IF 2.4 3区 医学 Q3 ONCOLOGY Pub Date : 2025-02-26 DOI: 10.1007/s10147-025-02727-z
Katsuya Makihara, Keisuke Kongo, Kayo Motomura, Daiki Kimoto, Yukako Yamamoto, Misato Tanihata, Mieko Yoshidome, Tomokazu Matsumura

Background: One of the most serious adverse events associated with trastuzumab treatment is cardiac dysfunction, including congestive heart failure. Therefore, regular cardiac screening with echocardiography is commonly performed during trastuzumab treatment, although it is unclear for how long the patient will continue to be evaluated. We investigated the time to the occurrence of trastuzumab-induced cardiac dysfunction using the Japanese Adverse Drug Event Report (JADER) database. We examined the optimal duration of cardiac function evaluation in patients treated with trastuzumab.

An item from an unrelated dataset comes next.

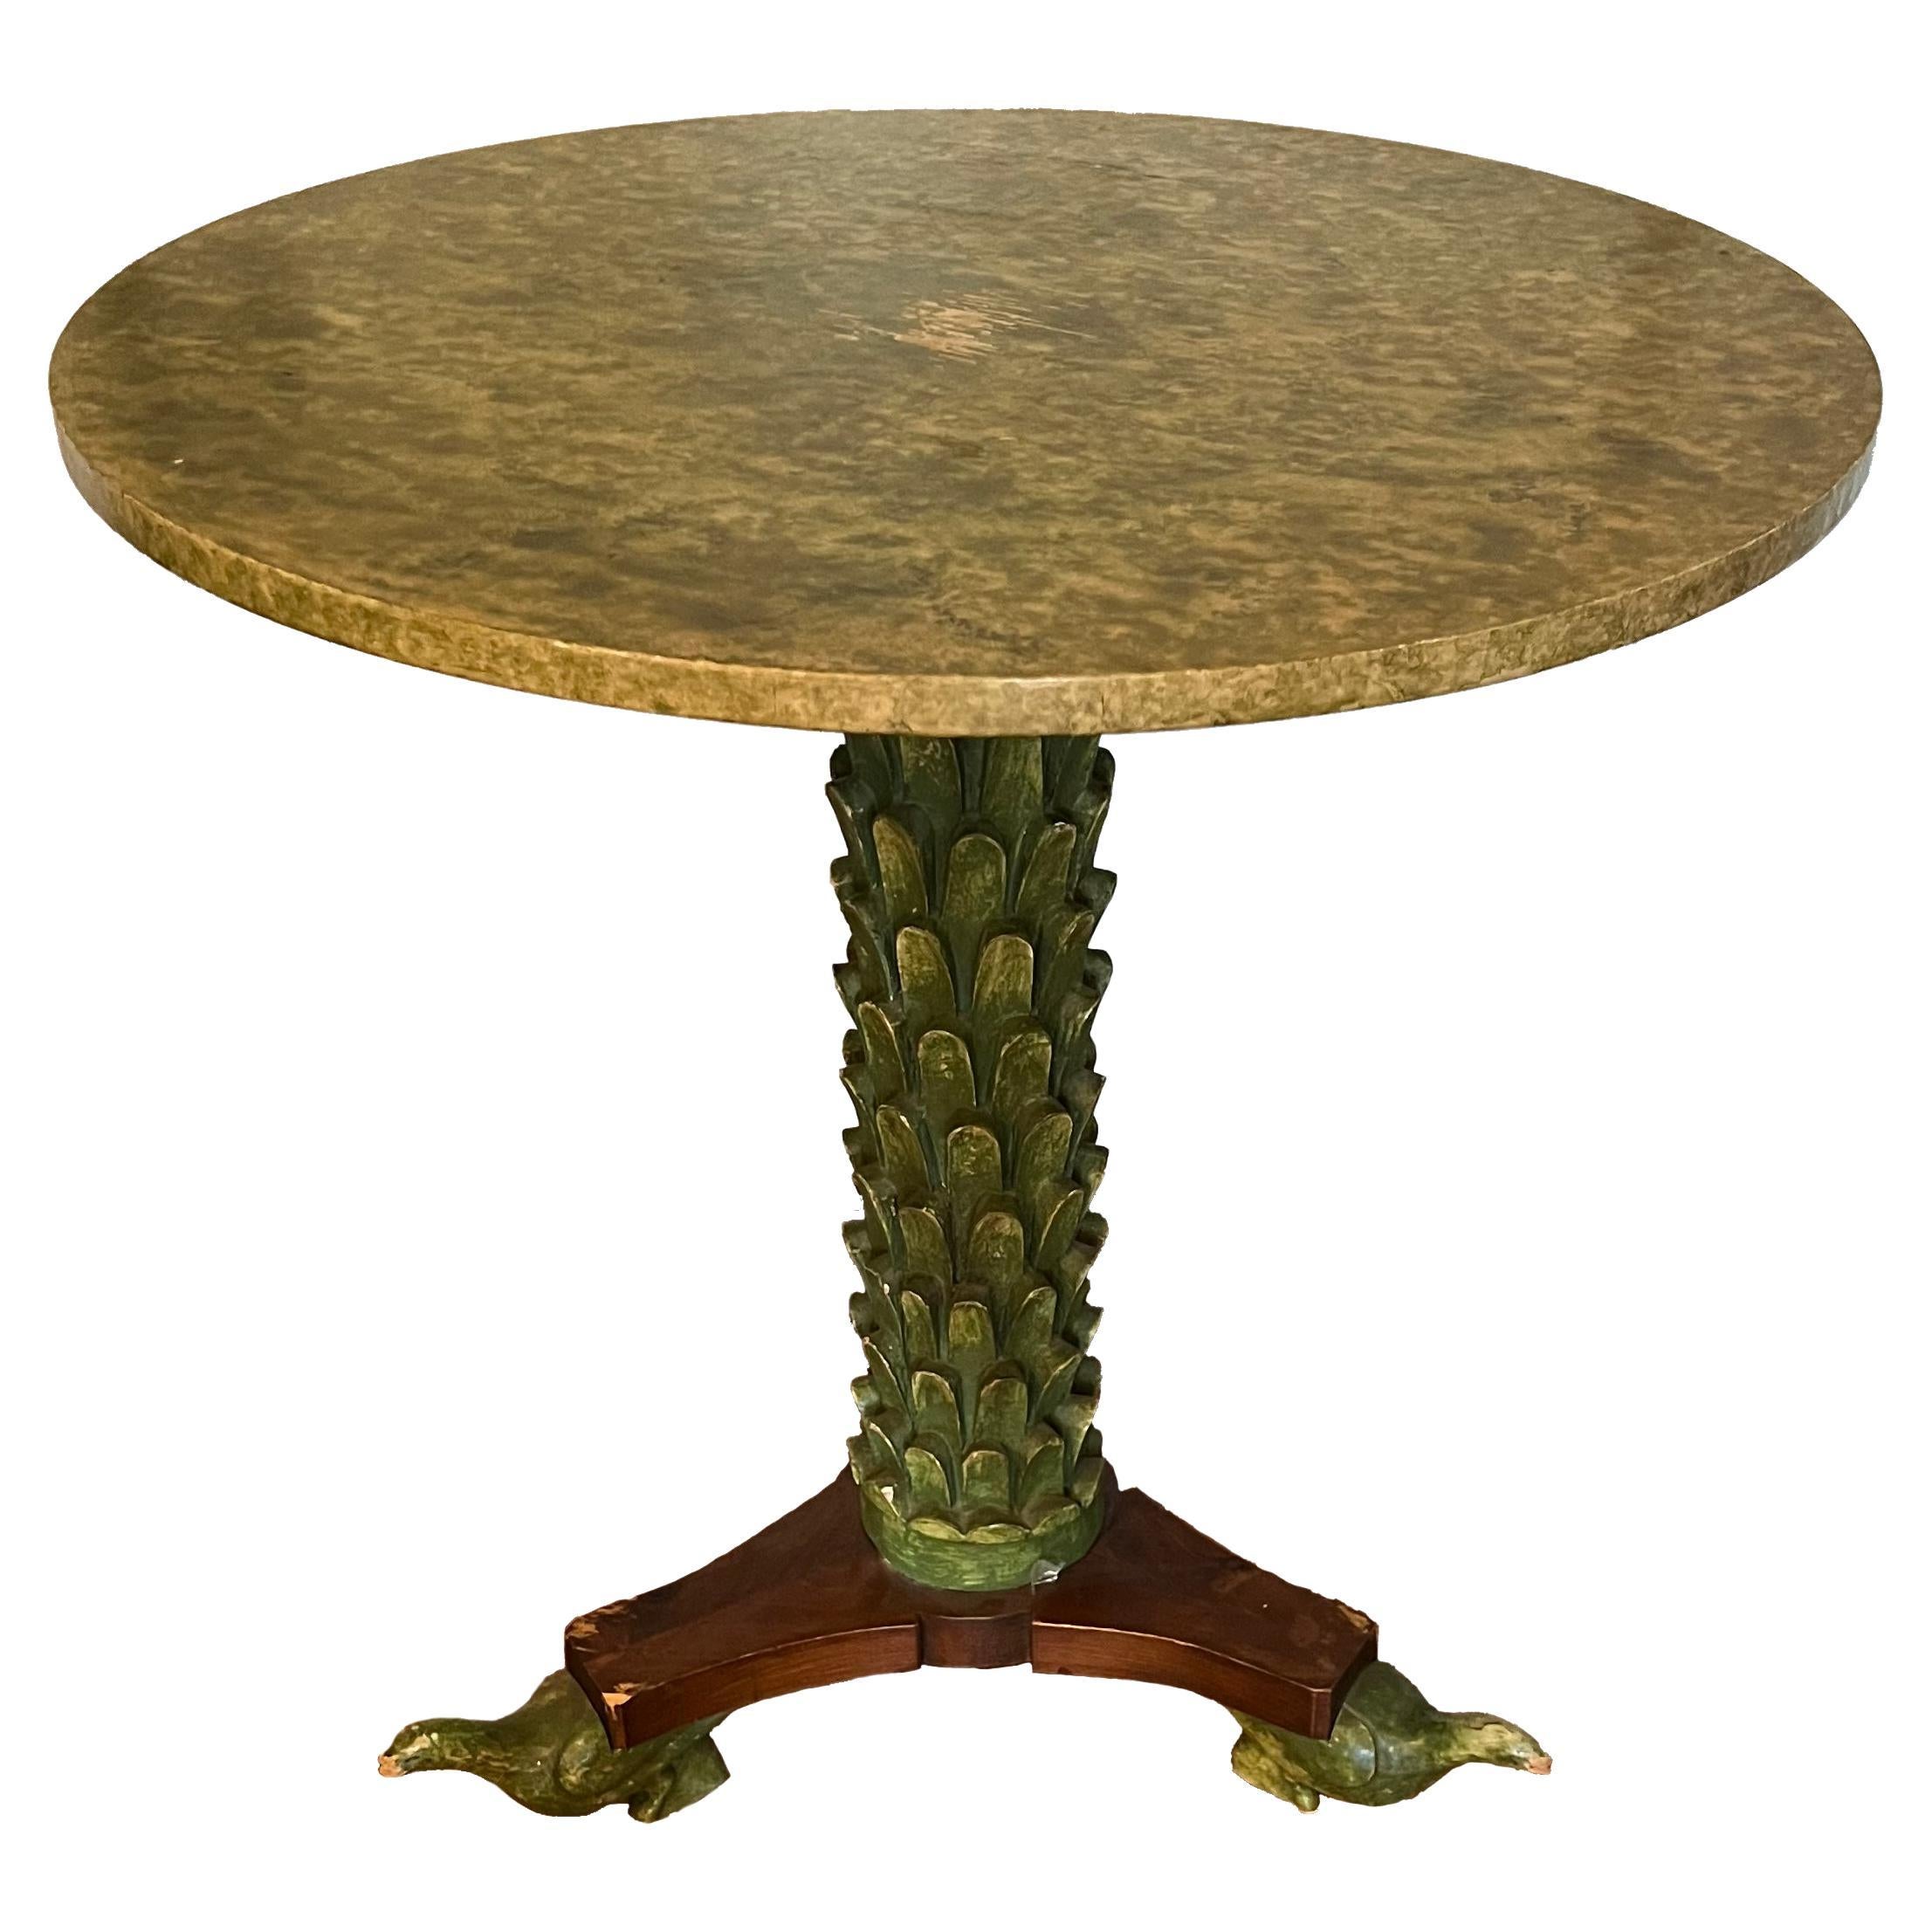 1970s Italian Palmette Pedestal Base with Carved Bird Feet and Marbleized Top

Methods: This study used data registered between April 2004 and September 2023 in the JADER database. We investigated the time to onset of cardiotoxicity in patients treated with trastuzumab, trastuzumab emtansine, or trastuzumab deruxtecan. We considered the time to exclude outliers detected using the Smirnov-Grubbs test as the optimal follow-up duration for cardiac function tests.

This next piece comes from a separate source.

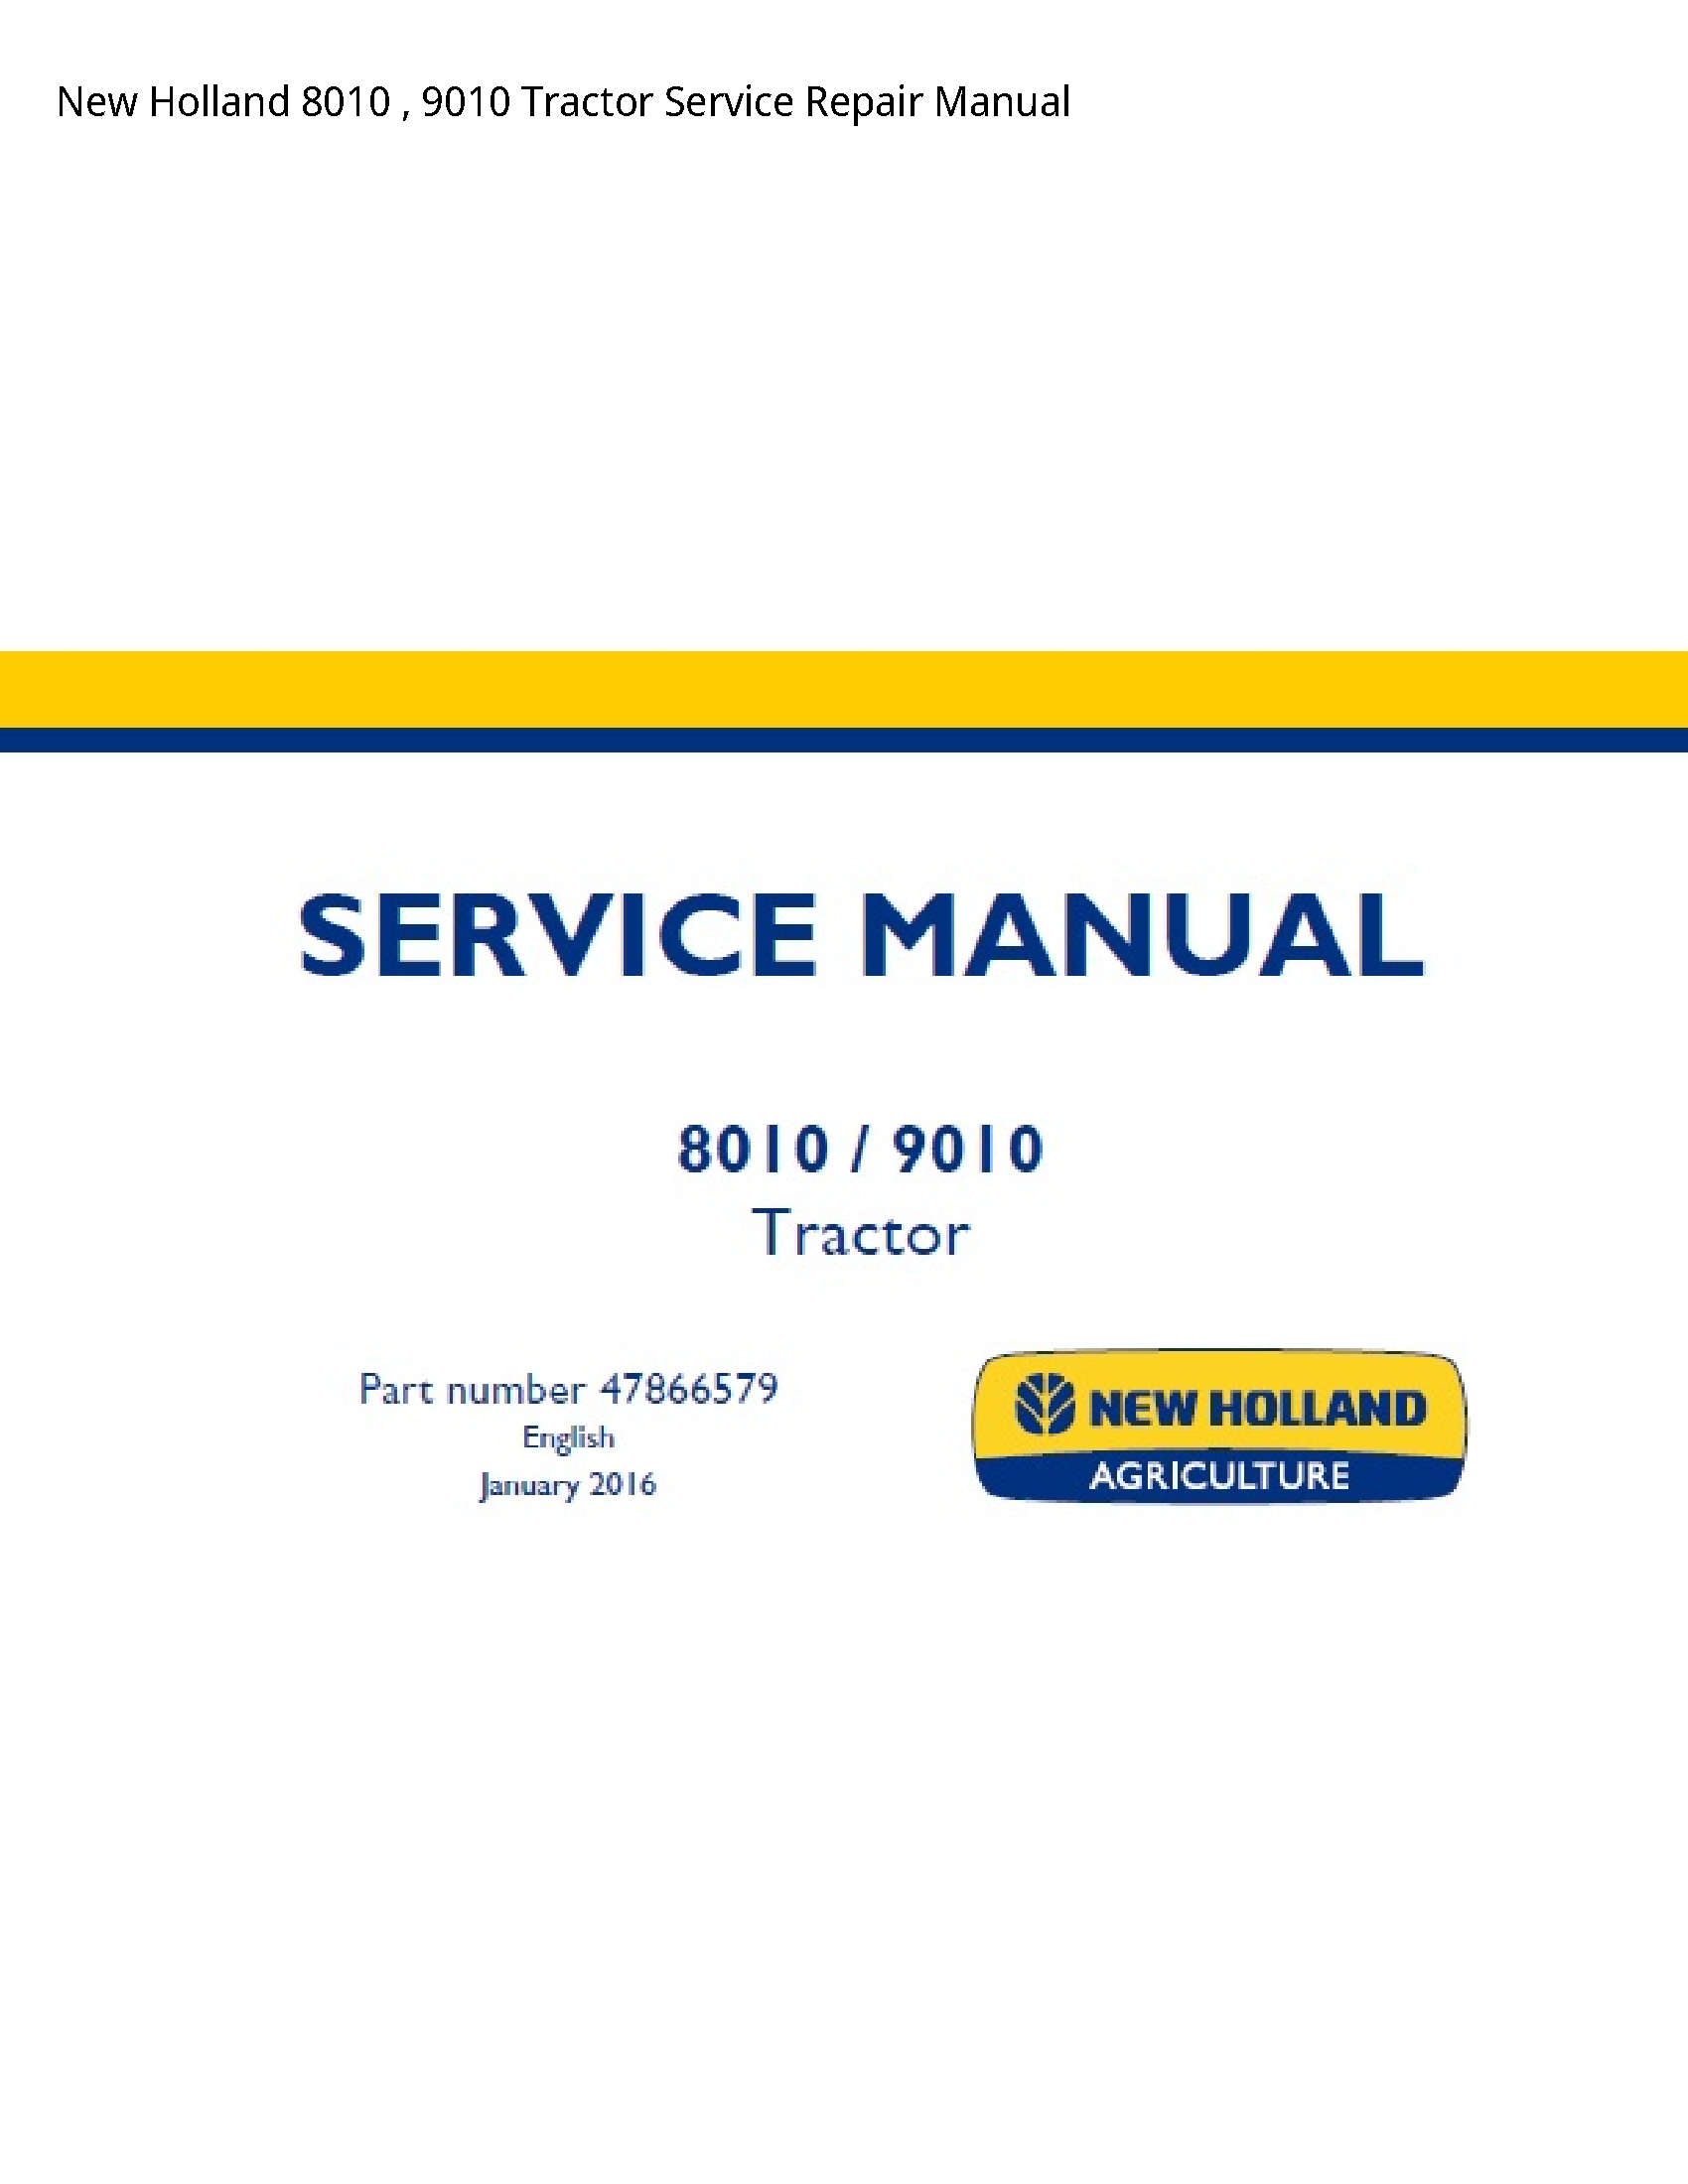 New Holland 8010 Tractor manual

Results: Of 868,478 patients who reported adverse drug events, 977 experienced cardiac dysfunctions among those treated with trastuzumab. A total of 375 patients were included in the analysis after excluding patients for whom the time to onset of cardiotoxicity was unknown or those who experienced cardiac dysfunction after receiving trastuzumab followed by anthracycline. The median time to cardiotoxicity was 4.5 months (range 0-100 months). However, ≥ 19 months after the start of trastuzumab administration was detected as an outlier in the target population (P = 0.036).

Conclusion: The duration of regular follow-up of cardiac function using echocardiography during anti-HER2 therapy can be 18 months from the start of treatment.

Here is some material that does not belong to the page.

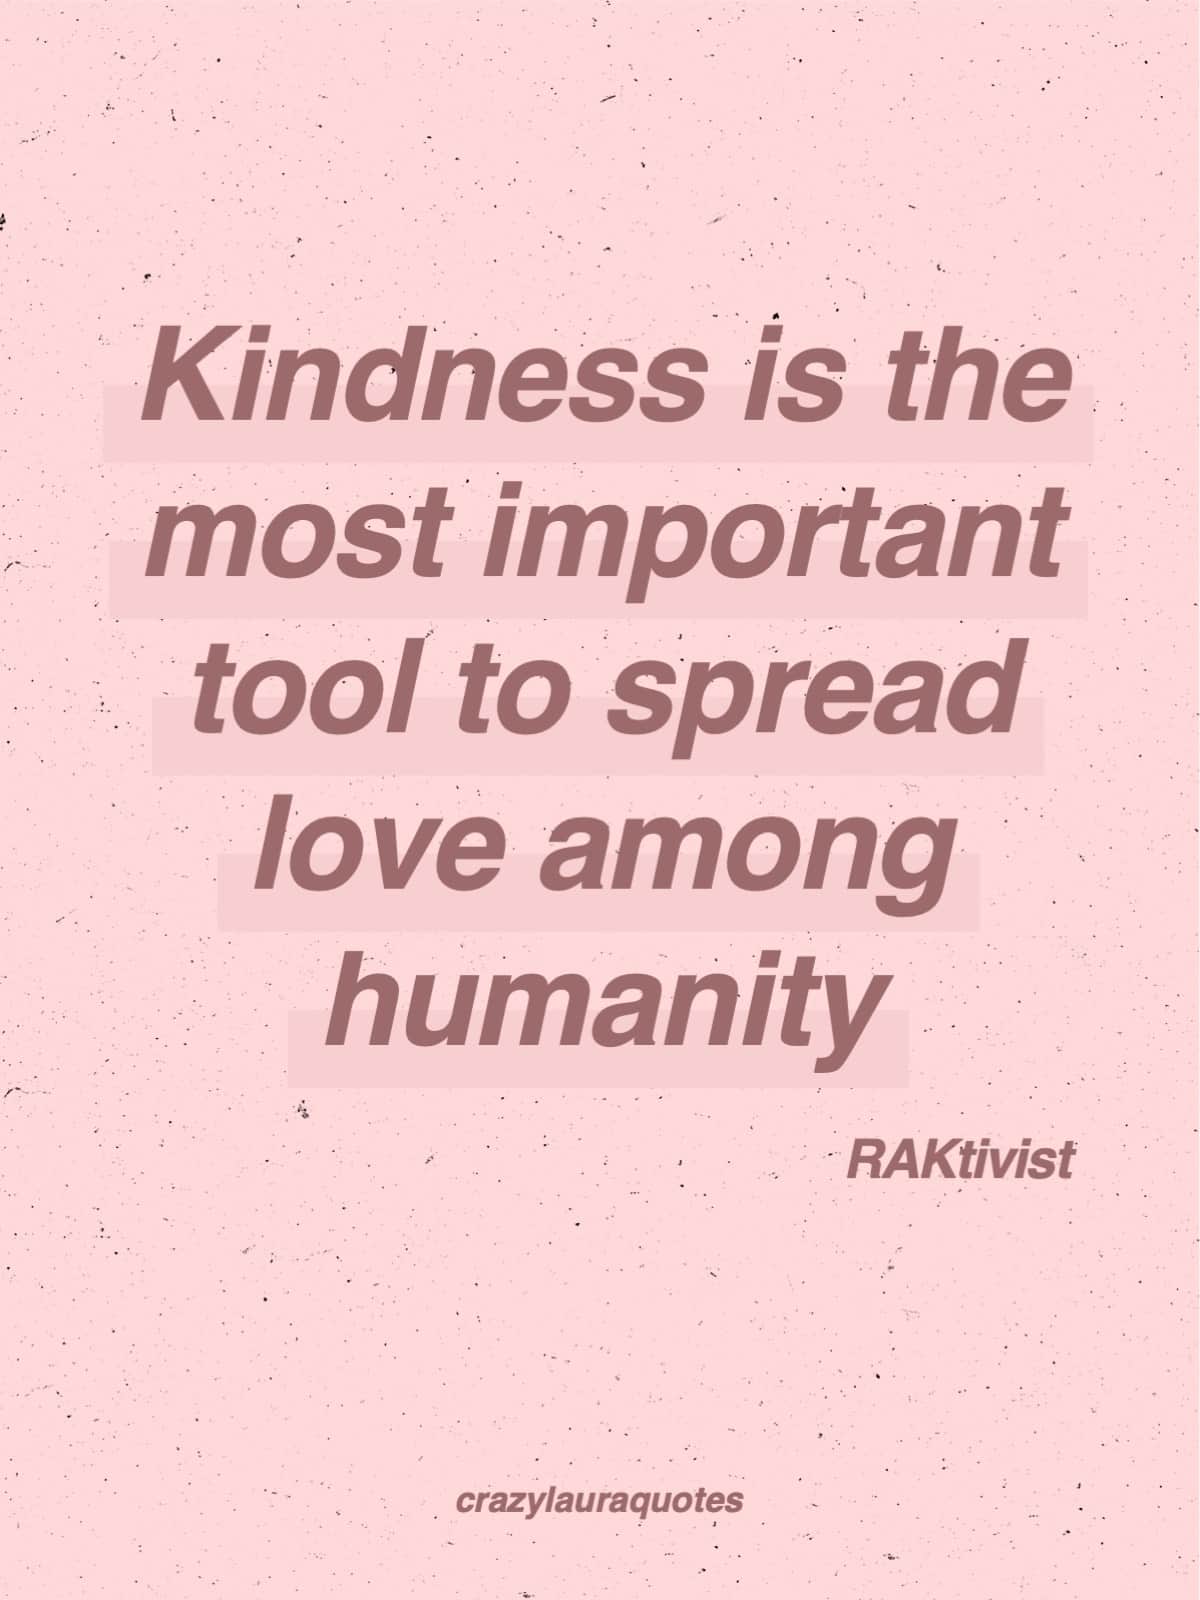 kindness to spread love quote

背景:与曲妥珠单抗治疗相关的最严重不良反应之一是心脏功能障碍,包括充血性心力衰竭。因此,在曲妥珠单抗治疗期间,通常会通过超声心动图进行定期心脏筛查,但目前尚不清楚患者将在多长时间内继续接受评估。我们利用日本药物不良事件报告(JADER)数据库调查了曲妥珠单抗诱发心功能不全的发生时间。我们研究了对接受曲妥珠单抗治疗的患者进行心功能评估的最佳持续时间:本研究使用了 2004 年 4 月至 2023 年 9 月期间在 JADER 数据库中登记的数据。我们调查了接受曲妥珠单抗、曲妥珠单抗埃坦辛或曲妥珠单抗德鲁司康治疗的患者出现心脏毒性的时间。我们将使用斯米尔诺夫-格拉布斯检验排除异常值的时间视为心功能检测的最佳随访时间:在 868478 例报告药物不良事件的患者中,977 例接受曲妥珠单抗治疗的患者出现了心脏功能障碍。在排除了心脏毒性发生时间未知的患者或在接受曲妥珠单抗治疗后再接受蒽环类药物治疗而出现心脏功能障碍的患者后,共有375名患者被纳入分析。出现心脏毒性的中位时间为 4.5 个月(0-100 个月)。然而,在目标人群中,曲妥珠单抗开始用药后≥19个月被检测为异常值(P = 0.036):结论:在抗 HER2 治疗期间使用超声心动图定期随访心脏功能的时间可为治疗开始后 18 个月。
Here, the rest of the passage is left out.